Le médium et son entourage proche
Bien que Jo croie aux capacités d’Allison et la soutienne, la médiumnité dans le couple est parfois source de tension. Il lui arrive de douter de certaines prémonitions de sa femme. De peur qu’elle prenne parfois une angoisse ou un désir pour une prédiction. Jo ne vit pas la médiumnité, il ne peut qu’essayer de comprendre ce que traverse Allison. On peut alors concevoir qu’il craigne qu’elle se monte parfois la tête et qu‘il cherche alors à la protéger. Tout comme on peut comprendre qu’elle s’en trouve vexée. Mais en réalité, dans cette démarche, chacun d’eux veut le bien de l’autre. Quel médium n’a pas connu ça avec un conjoint, un ami, un parent protecteur ? La série montre que ces tensions sont compréhensibles des deux côtés et qu’il faut composer avec.

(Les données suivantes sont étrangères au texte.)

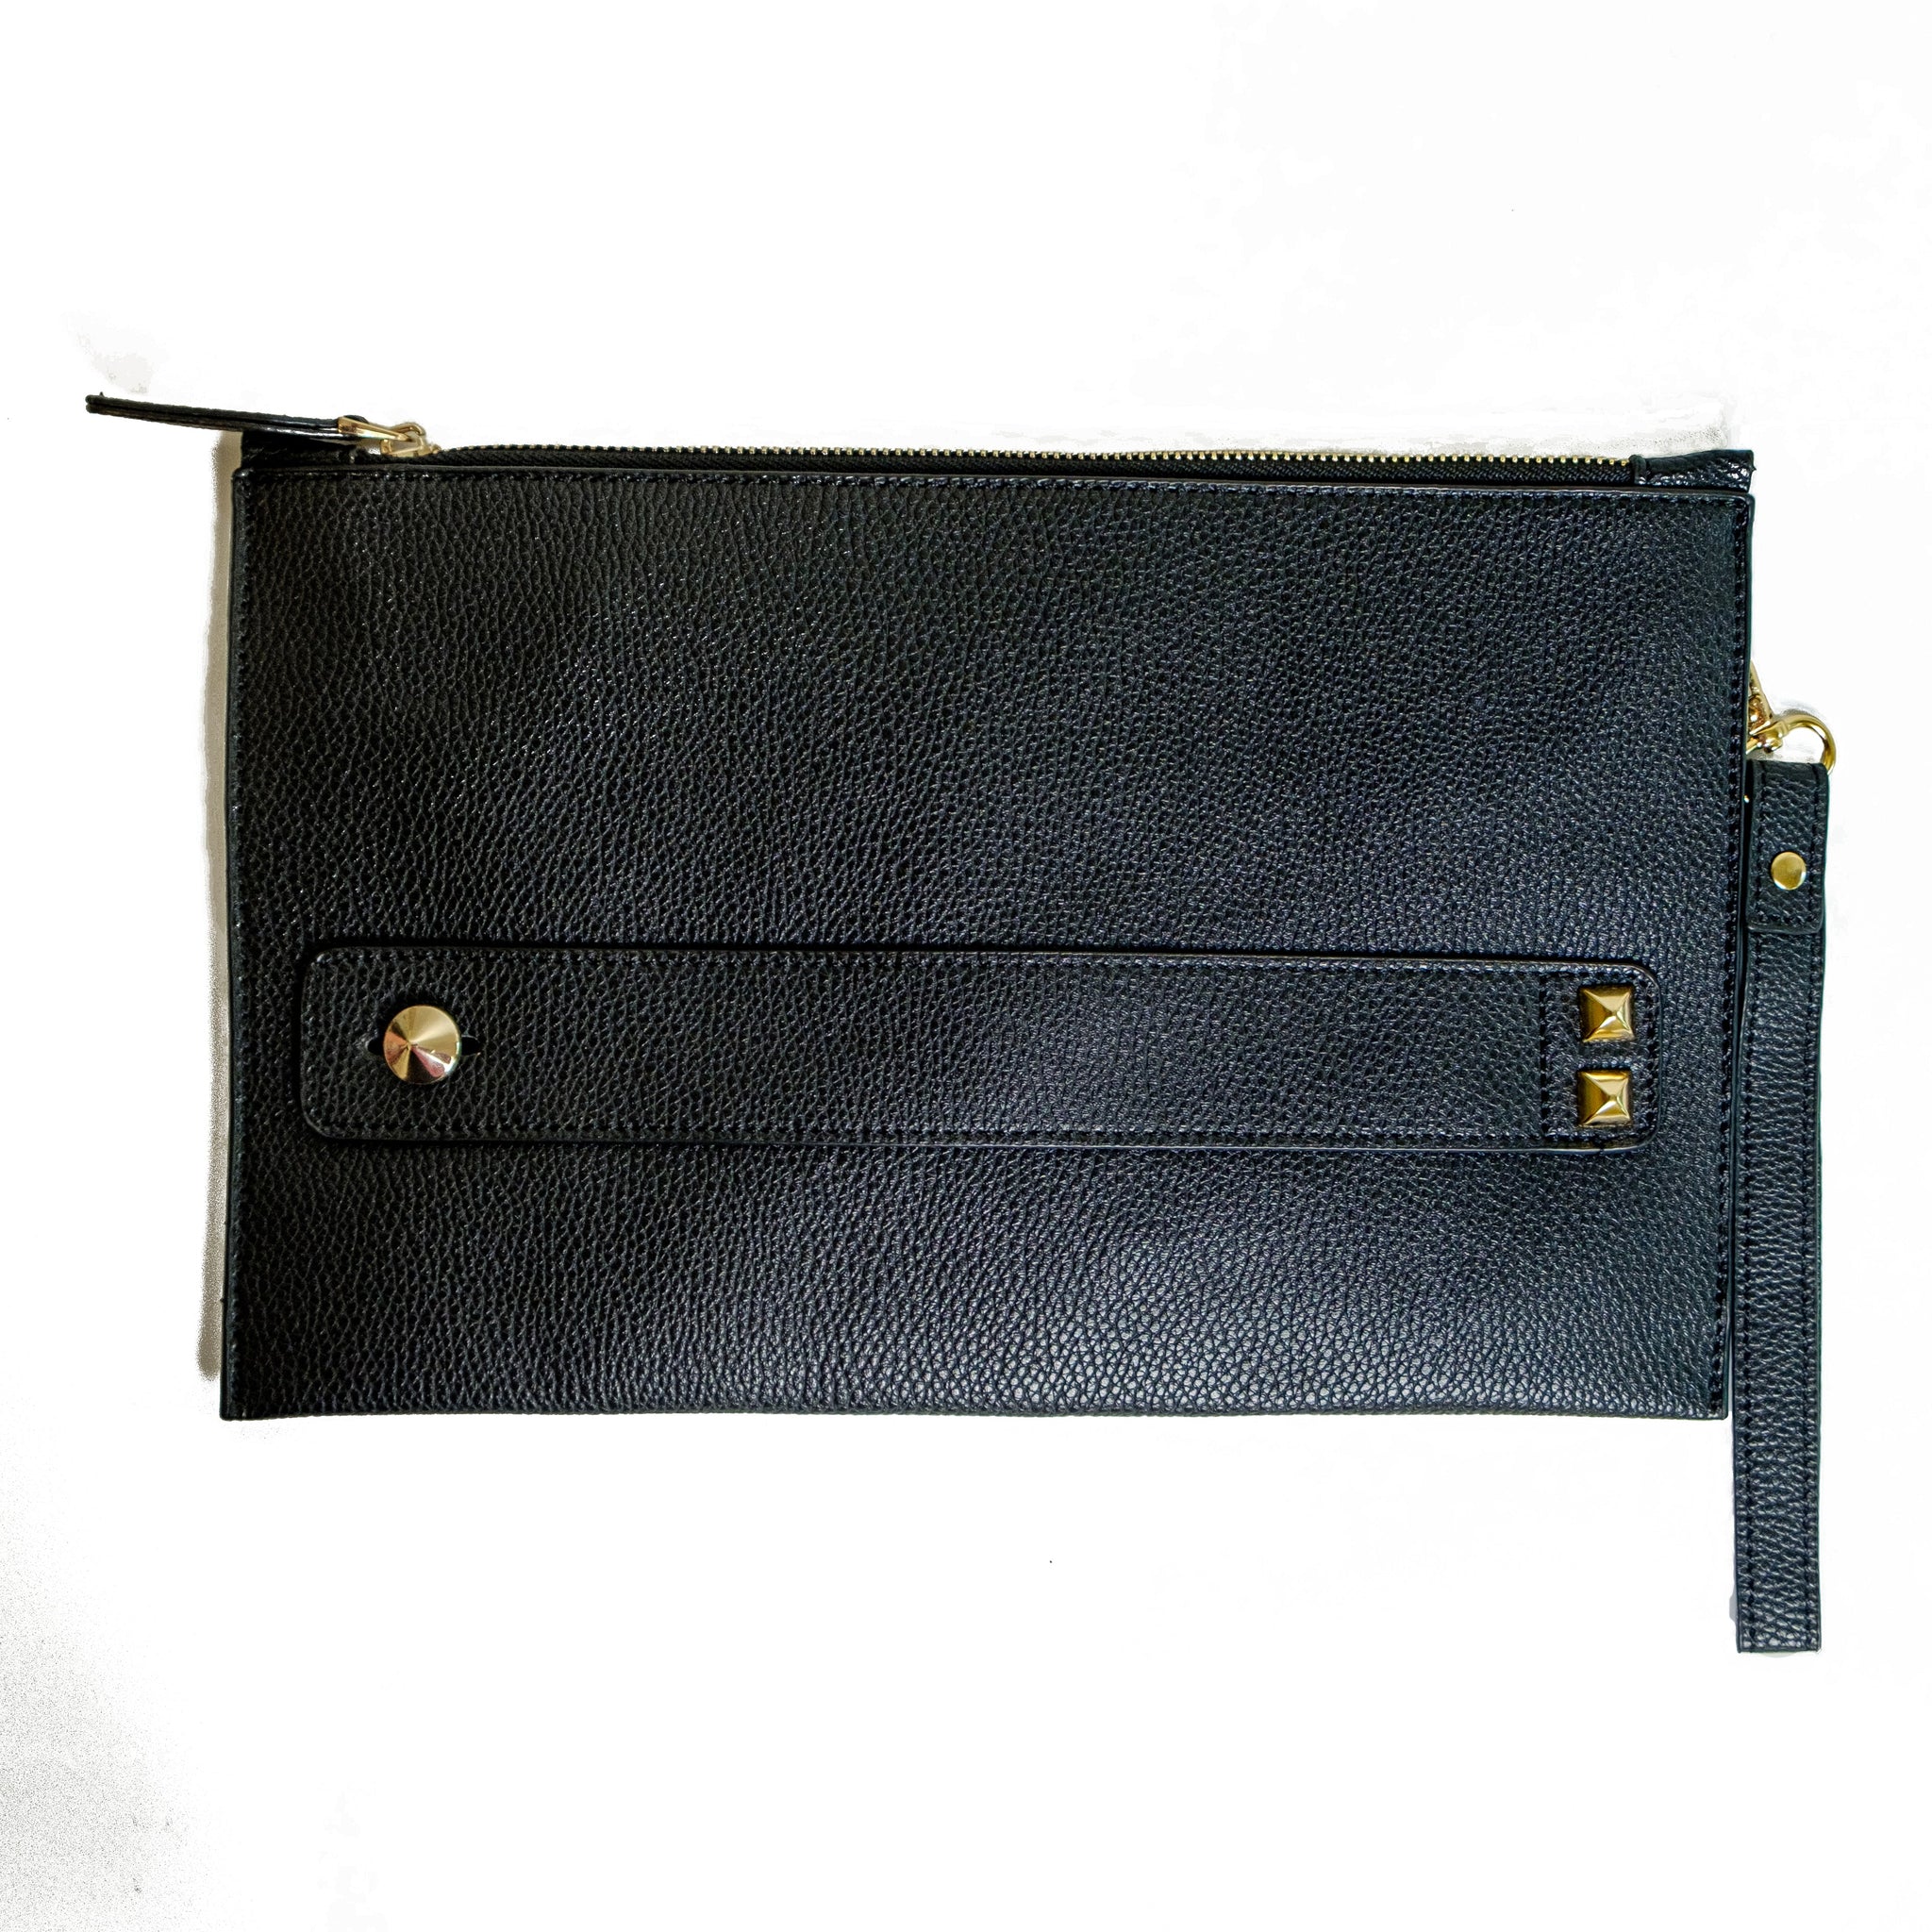 "Chokore Vegan Leather Envelope Clutch (Black)  "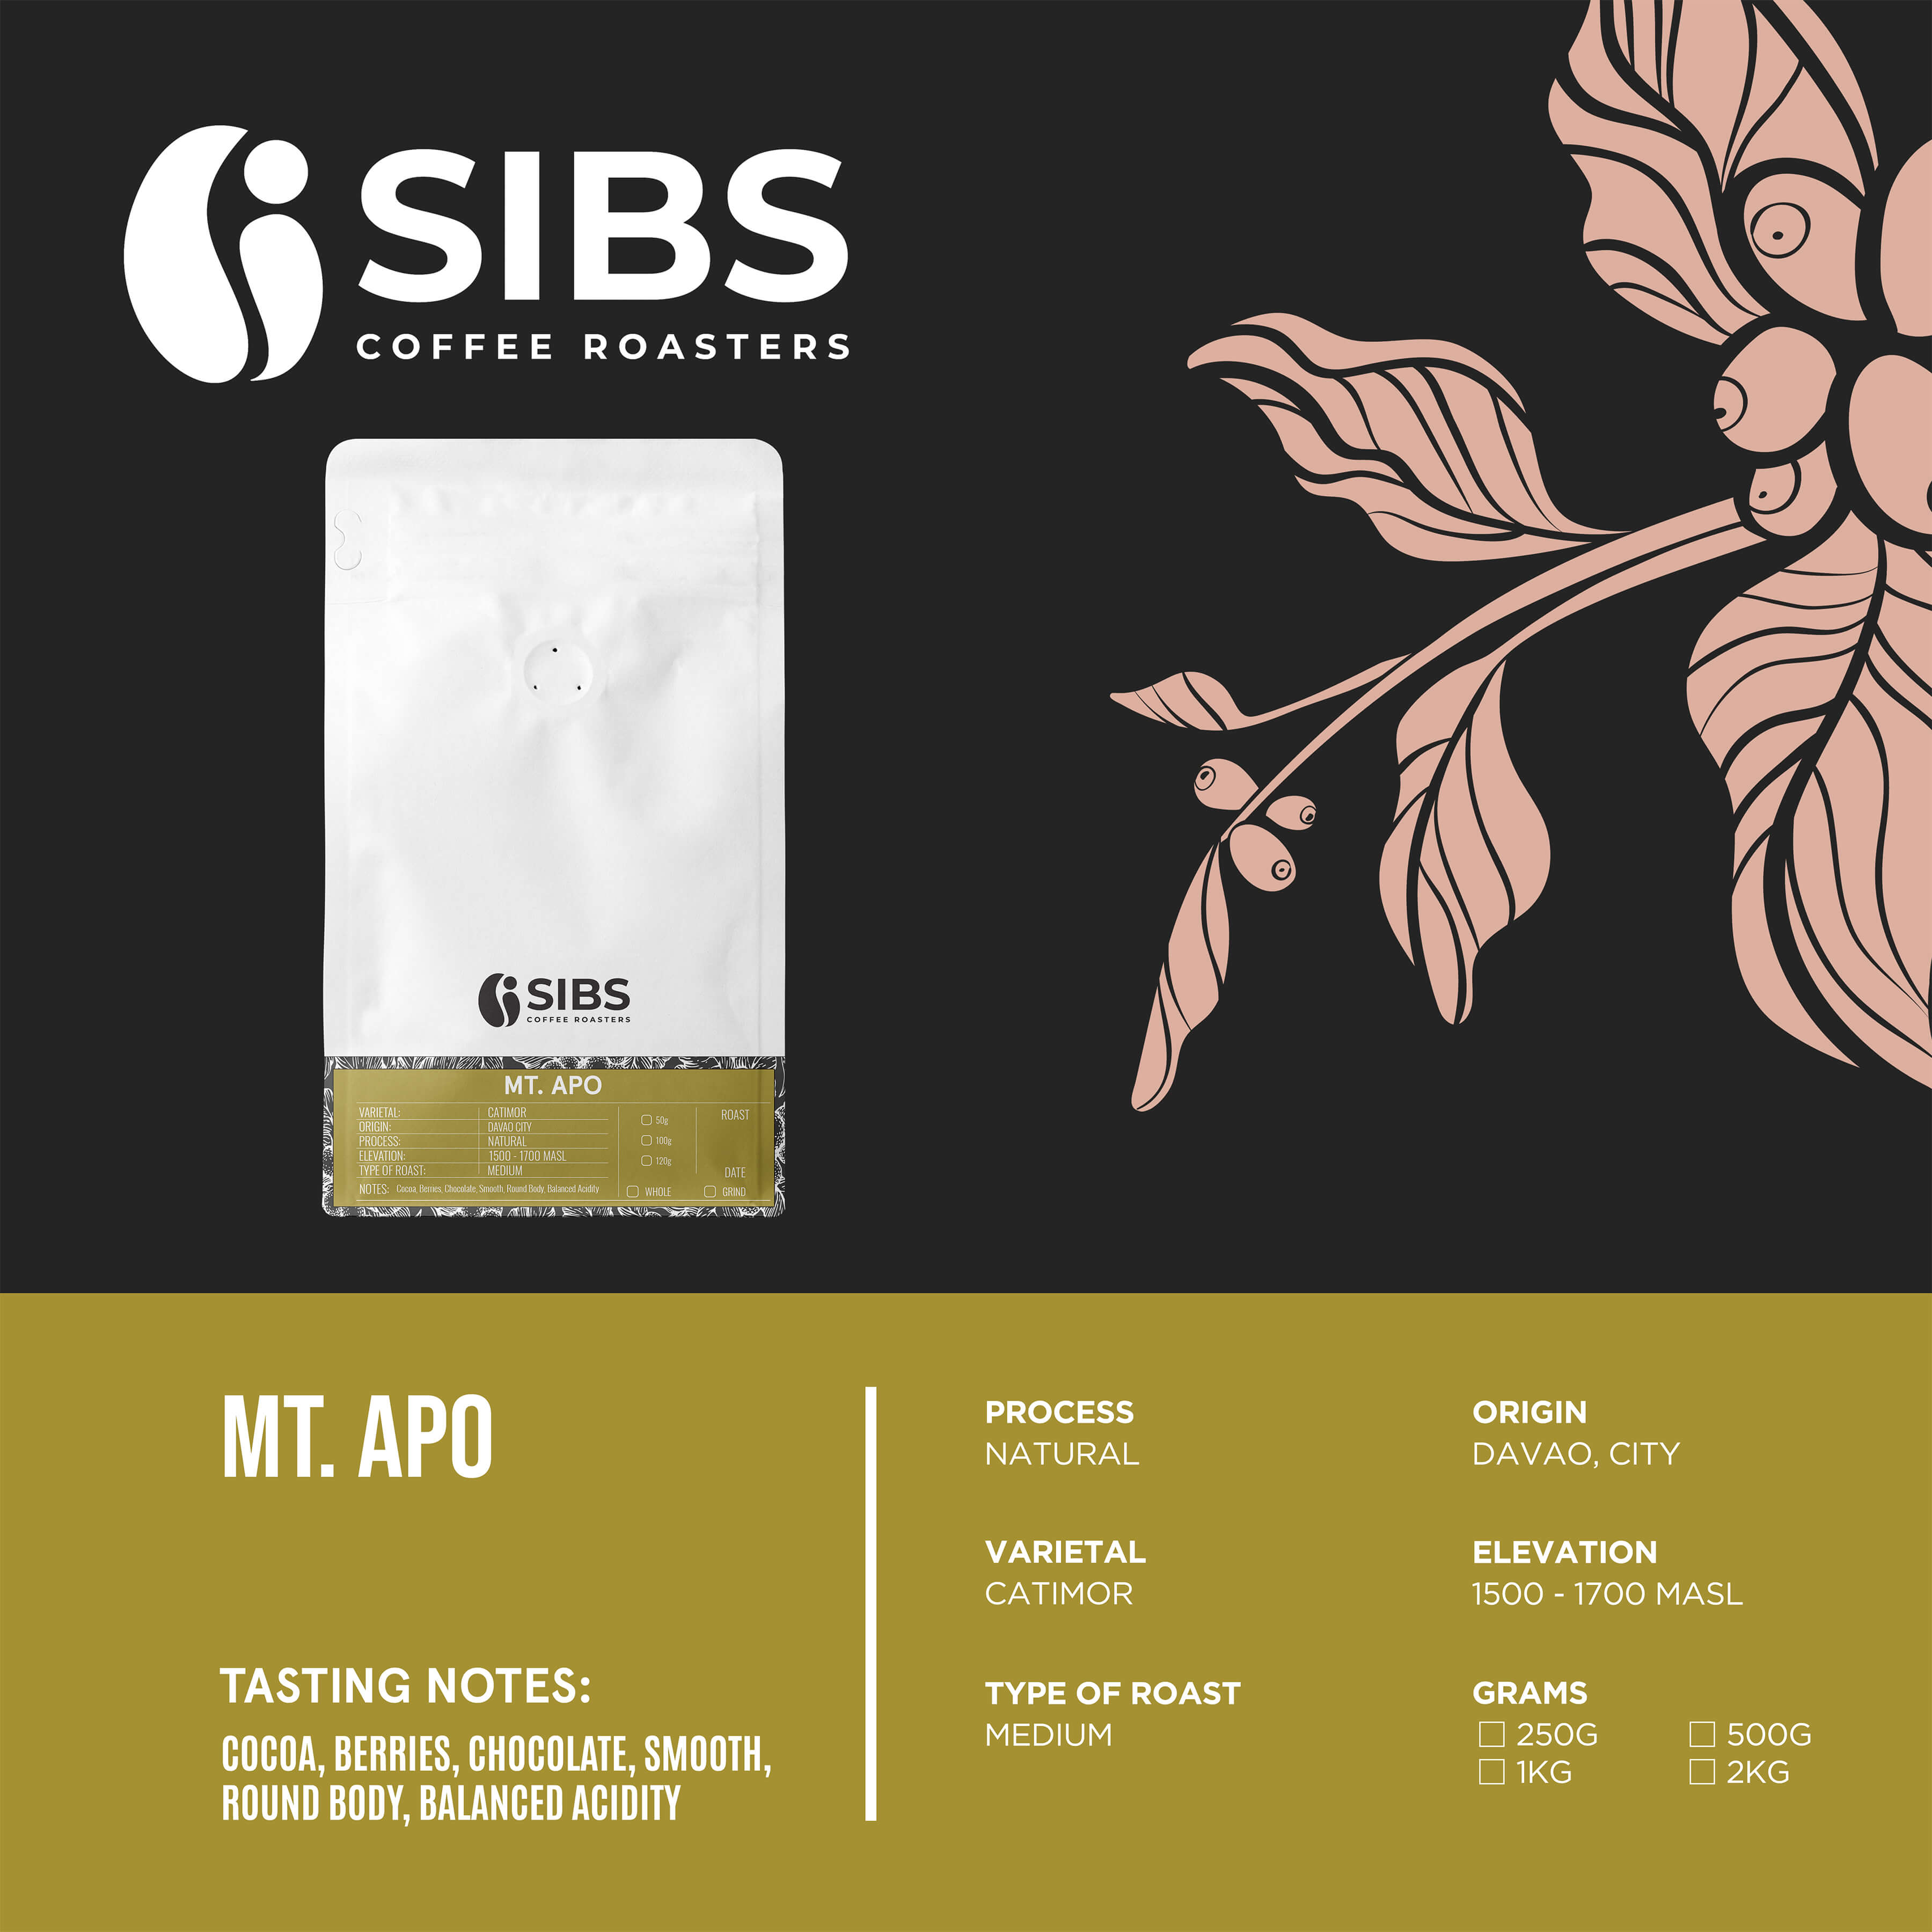 Mt. Apo (100% Arabica) - Freshly Roasted Coffee

La série aborde sans détour la médiumnité infantile. On découvre que sa mère prenait son talent pour un trouble psychologique et lui faisait prendre des cachets. À l’inverse, Allison accompagne ses filles dans la découverte de leur capacité qui se manifeste bien différemment selon les âges. Et avec toute la difficulté que ça implique. La série montre que tous les parents composent du mieux qu’ils peuvent, avec le bagage qui est le leur.
Les fragilités du médium
Allison n’est pas de ces médiums surpuissants et infaillibles. Ni de ces héros constamment tourmentés. Elle reste profondément humaine.
Il lui arrive de boire 2 ou 3 bières pour se couper des défunts. Elle ressent parfois le besoin d’anesthésier sa capacité. Chaque médium embrasse quelquefois ce qui lui permet de couper un peu. De la façon la plus sage pour ceux qui sont dans l’acceptation à la plus destructrice pour les plus tourmentés.
Allison peut être émotionnellement submergée par ses prémonitions les plus effrayantes, lorsque celles-ci sont personnelles. Ce qui l’angoisse et la rend pénible. Quel médium ne plaidera pas coupable sur cet aspect très touchy de notre capacité à entrevoir l’avenir ?
Allison Dubois est, comme moi, née dans les années 70. Les difficultés avec sa mère lorsqu’elle était enfant et le peu de personnes avec qui échanger sur sa particularité montrent comme il a pu être plus compliqué pour les médiums de notre génération de nous construire avec un entourage fermé ou sans communauté avec laquelle partager, comme ce fut le cas ensuite avec l’arrivée d’Internet dans les foyers.
En conclusion
S’il est bien plus excitant de suivre les aventures de fictions plus fantaisistes, la série Medium reste une référence précieuse pour quiconque souhaite comprendre la réalité de la médiumnité. Elle « déstigmatise » cette capacité en montrant qu’elle peut s’intégrer à la vie quotidienne en tout équilibre et qu’aucun folklore ne lui est nécessaire. L’absence d’effets spéciaux montre d’ailleurs la volonté de retranscrire le plus fidèlement les perceptions et les intuitions d’Allison.
D’autres personnages de fiction absolument passionnants montrent à merveille cette capacité d’une manière tout aussi réaliste, mais ils seront le sujet d’autres articles.